▶ [Task to complete]: Keep the pictures out. Write out every line of the listing exactly.

▶ [Given records]:
* * * * * * * * *
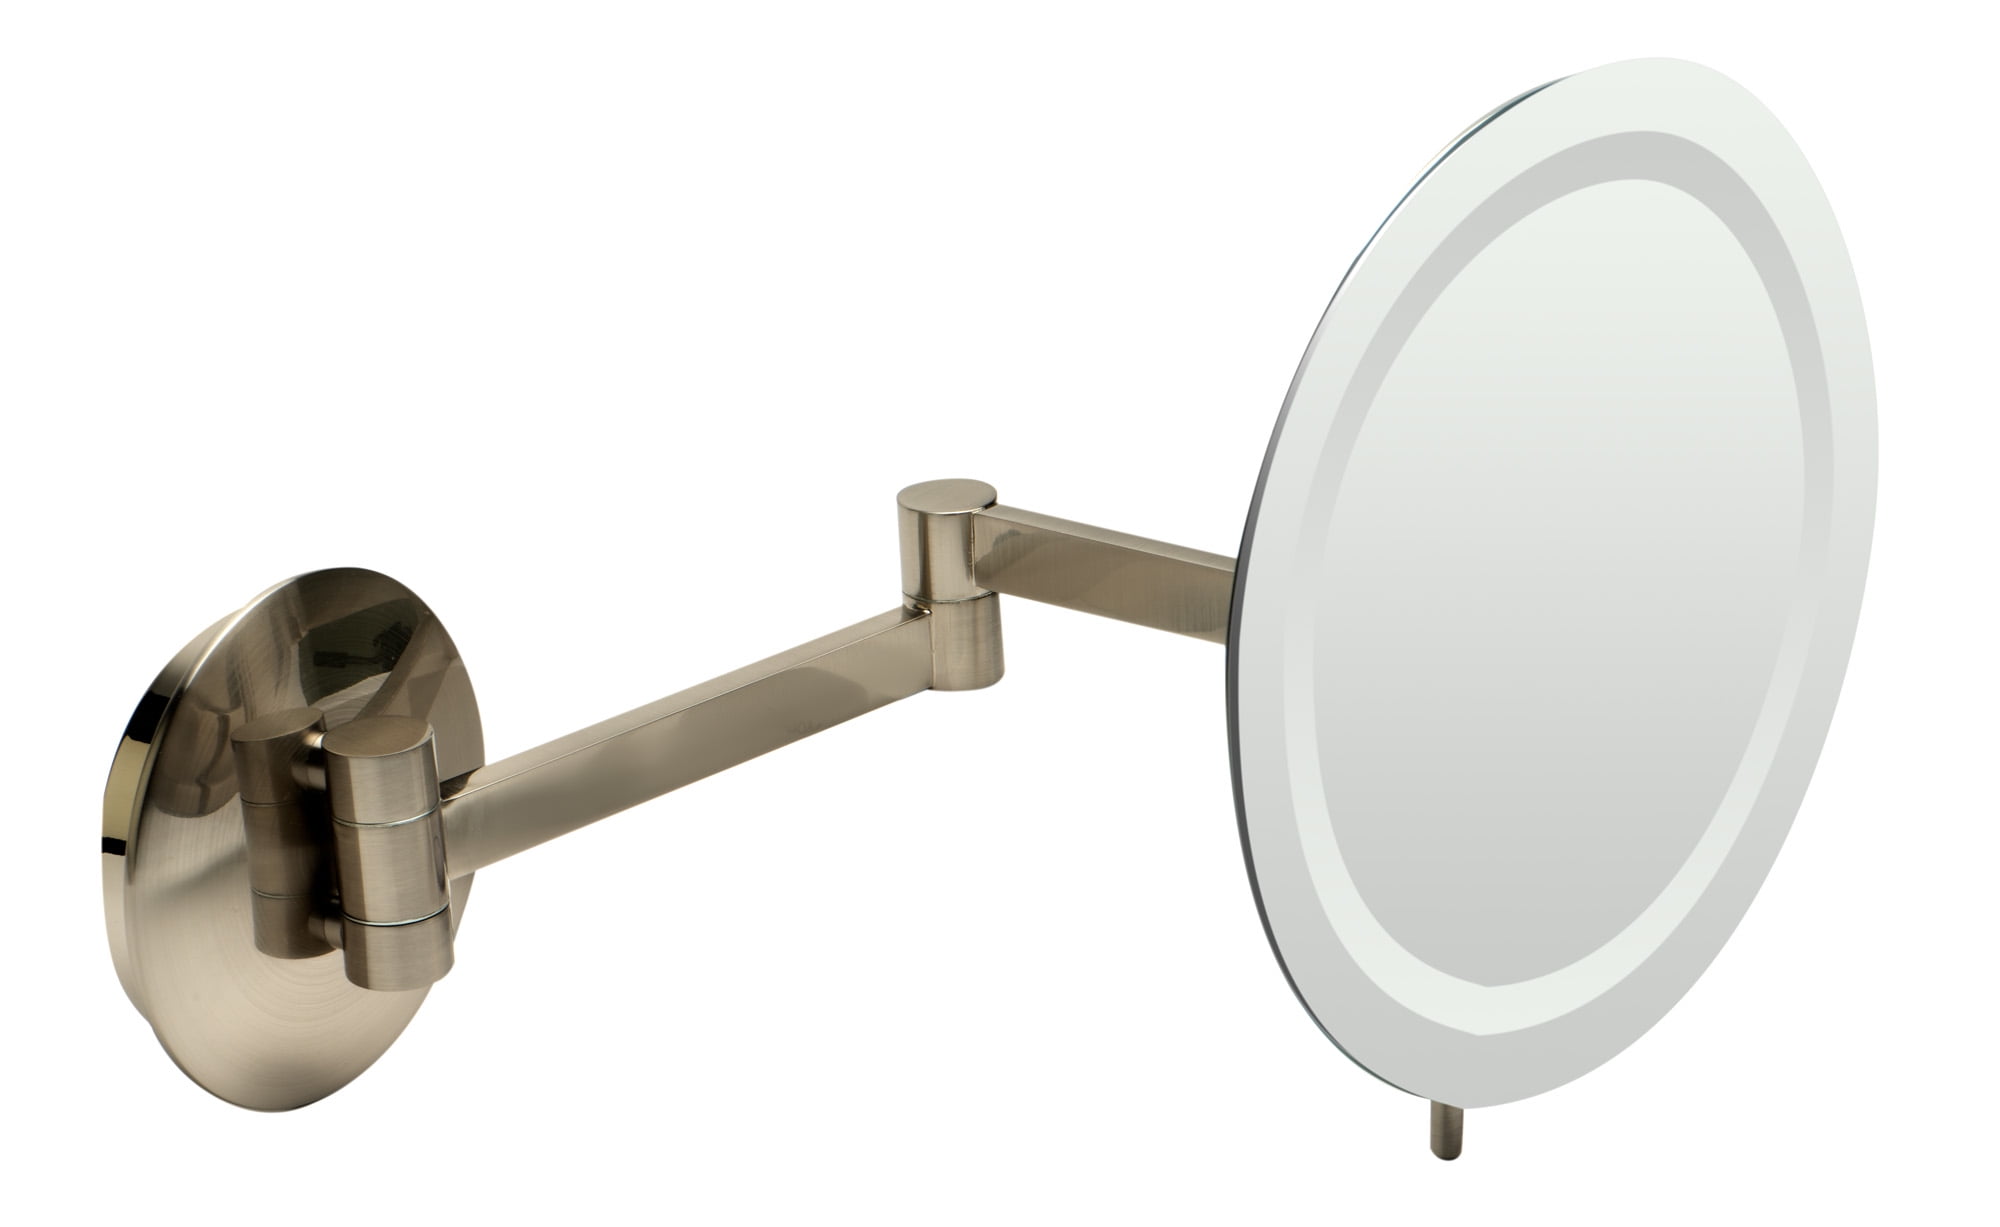 Abm9wled-bn 9 In. Wall Mount Round 5x Magnifying Cosmetic Mirror With Light - Brushed Nickel
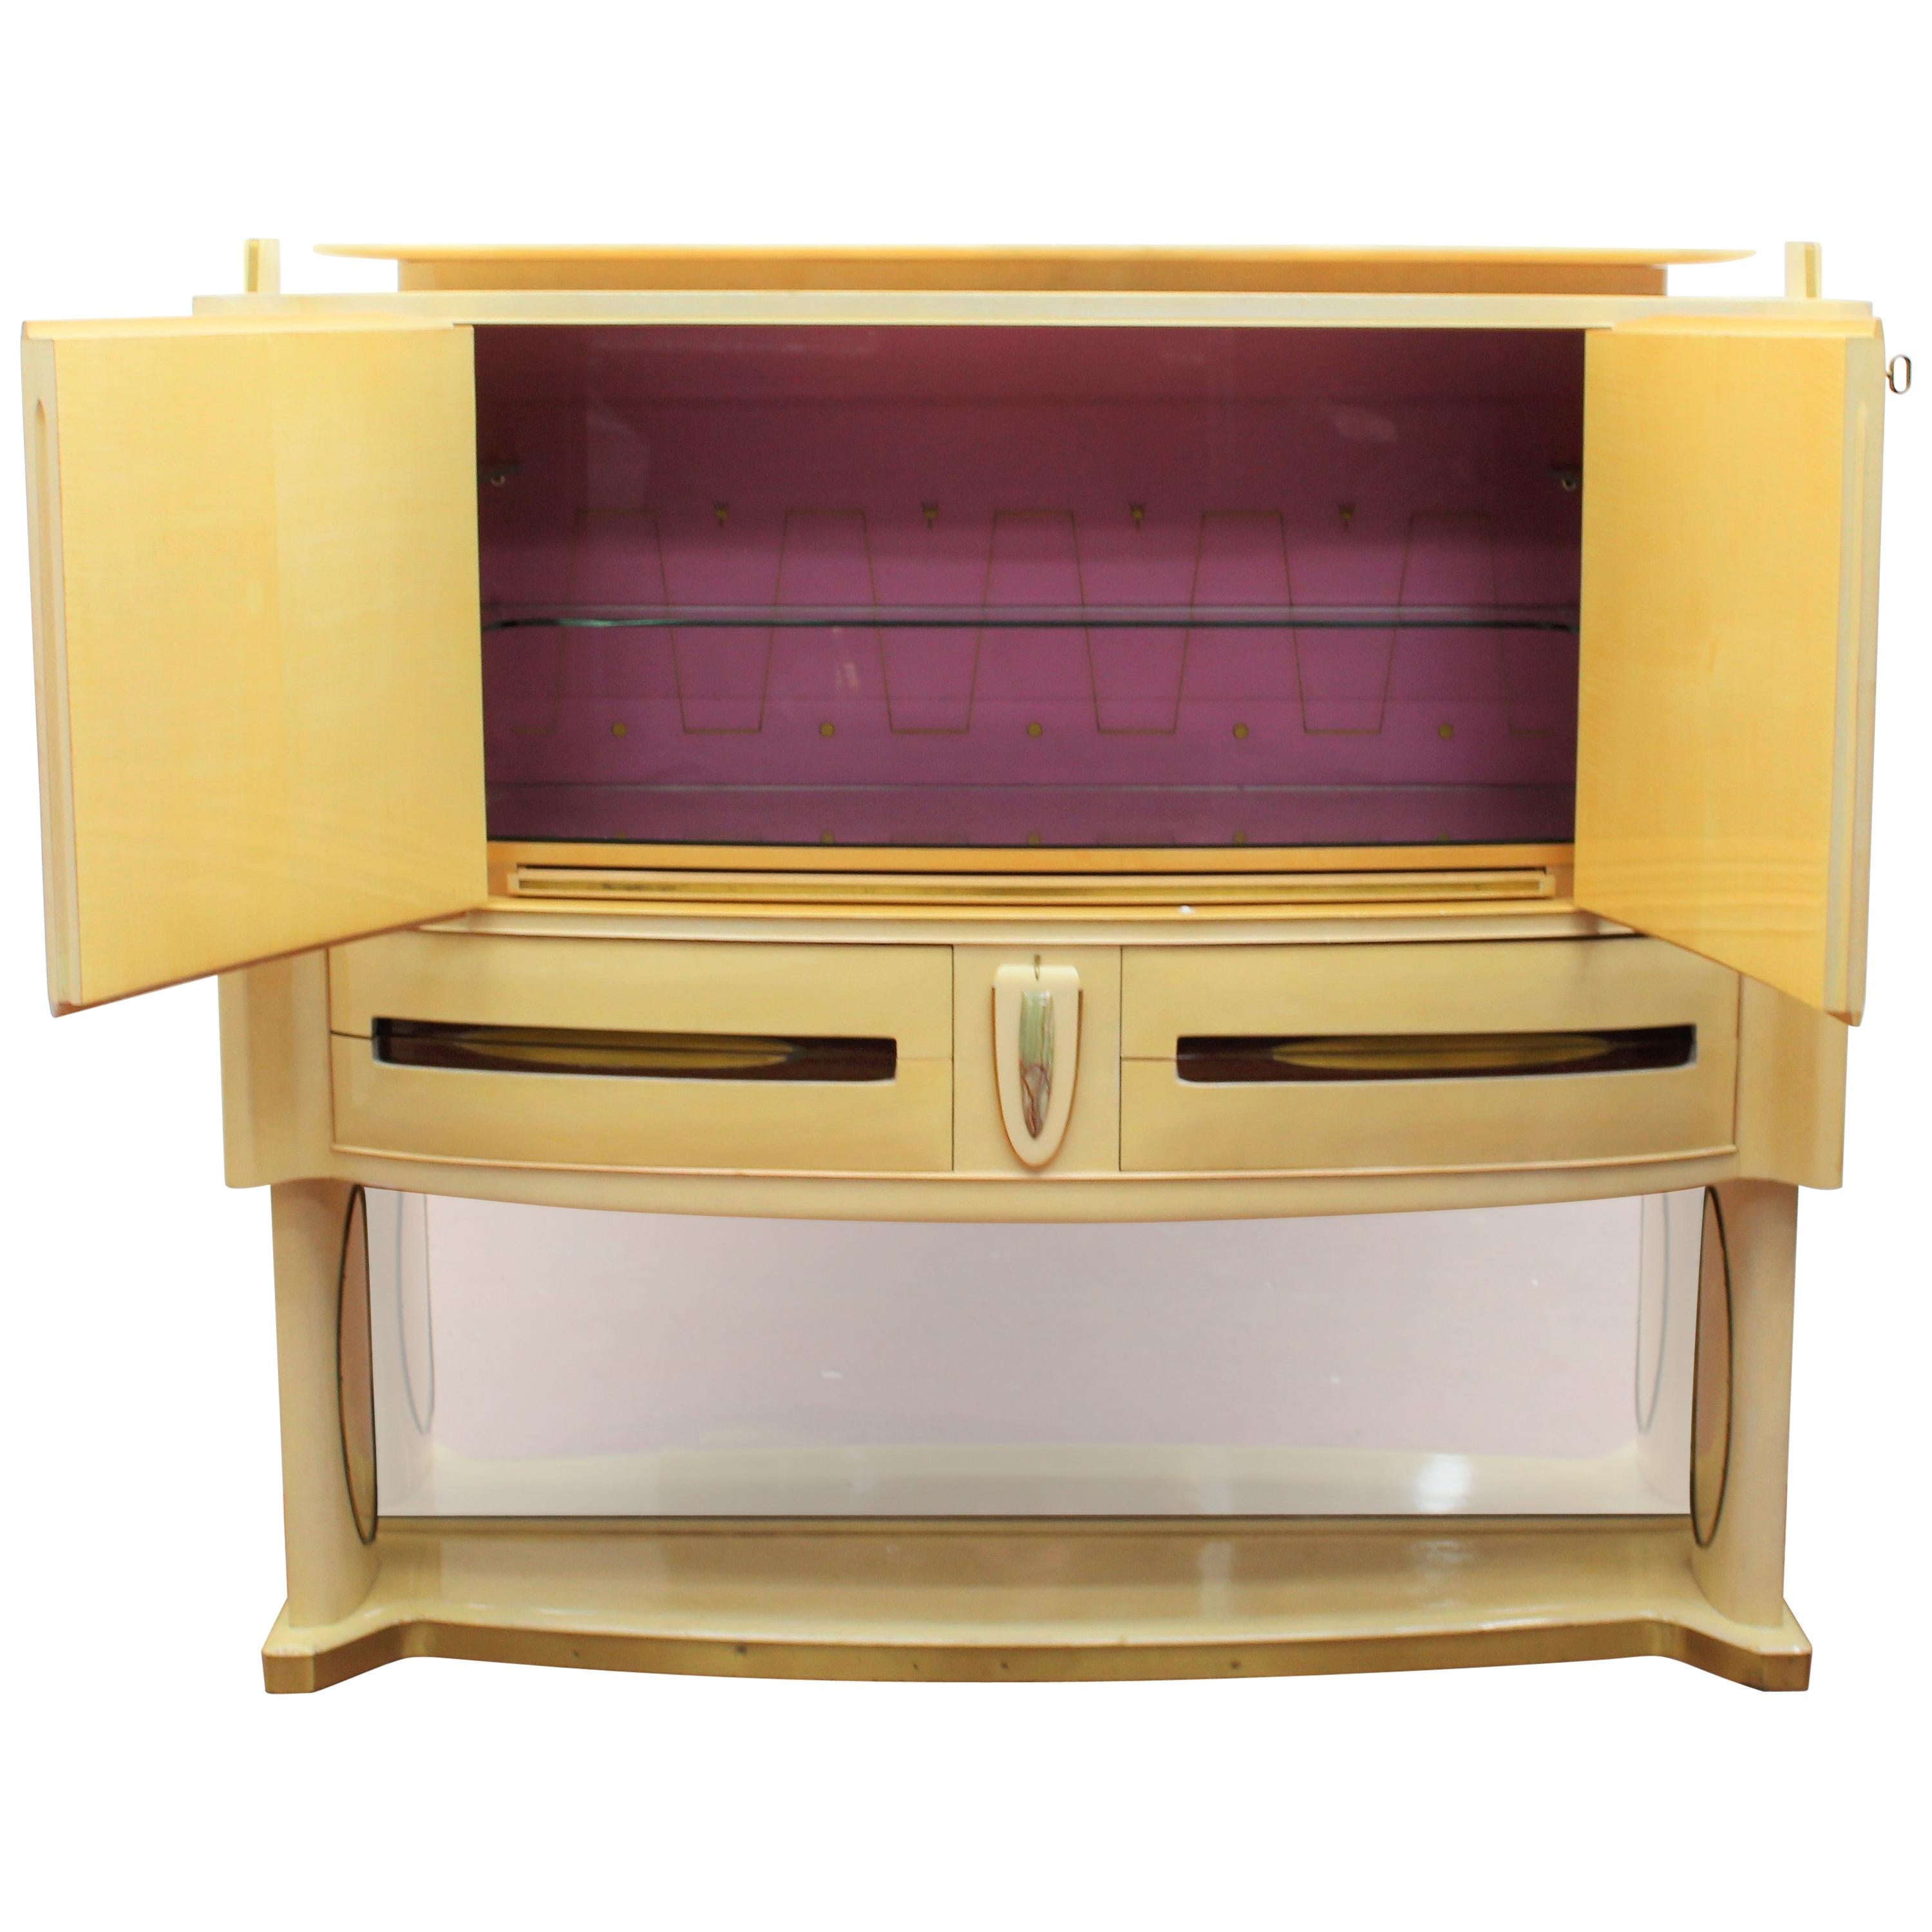 This original bar cabinet is in good condition, and is one of Vittorio Dassi's masterpieces with inlays by Luigi Scremin in the style typical of 20th century Italian artists.
It is entirely finished in parchment, when opening the two doors,
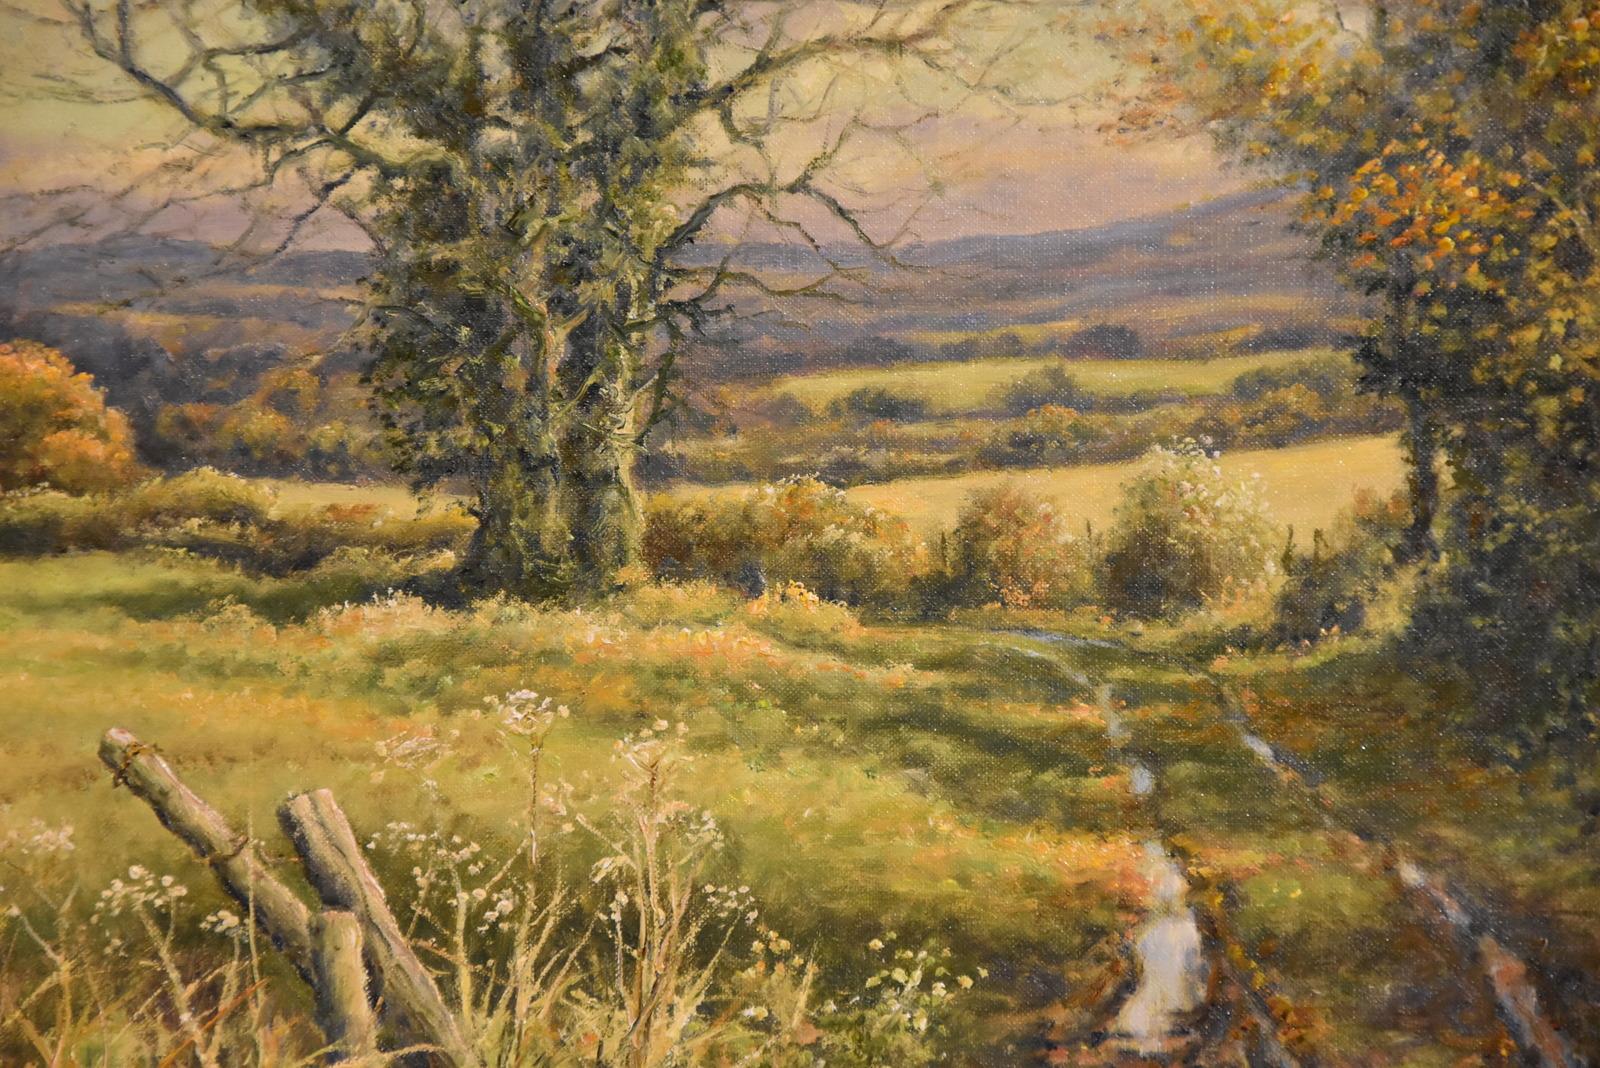 Oil painting by Mervyn Goode “Autumn Track towards the Downs”. Mervyn Goode born 1948 he studied at the Gloucestershire college of Art and never looked back after his first one man sell-out exhibition in London in 1970. Oil on canvas

Dimensions
* * * * * * * * *
▶ [Output for this task]:
 Abm9wled-bn 9 In. Wall Mount Round 5x Magnifying Cosmetic Mirror With Light - Brushed Nickel
 This original bar cabinet is in good condition, and is one of Vittorio Dassi's masterpieces with inlays by Luigi Scremin in the style typical of 20th century Italian artists.
It is entirely finished in parchment, when opening the two doors,
 Oil painting by Mervyn Goode “Autumn Track towards the Downs”. Mervyn Goode born 1948 he studied at the Gloucestershire college of Art and never looked back after his first one man sell-out exhibition in London in 1970. Oil on canvas

Dimensions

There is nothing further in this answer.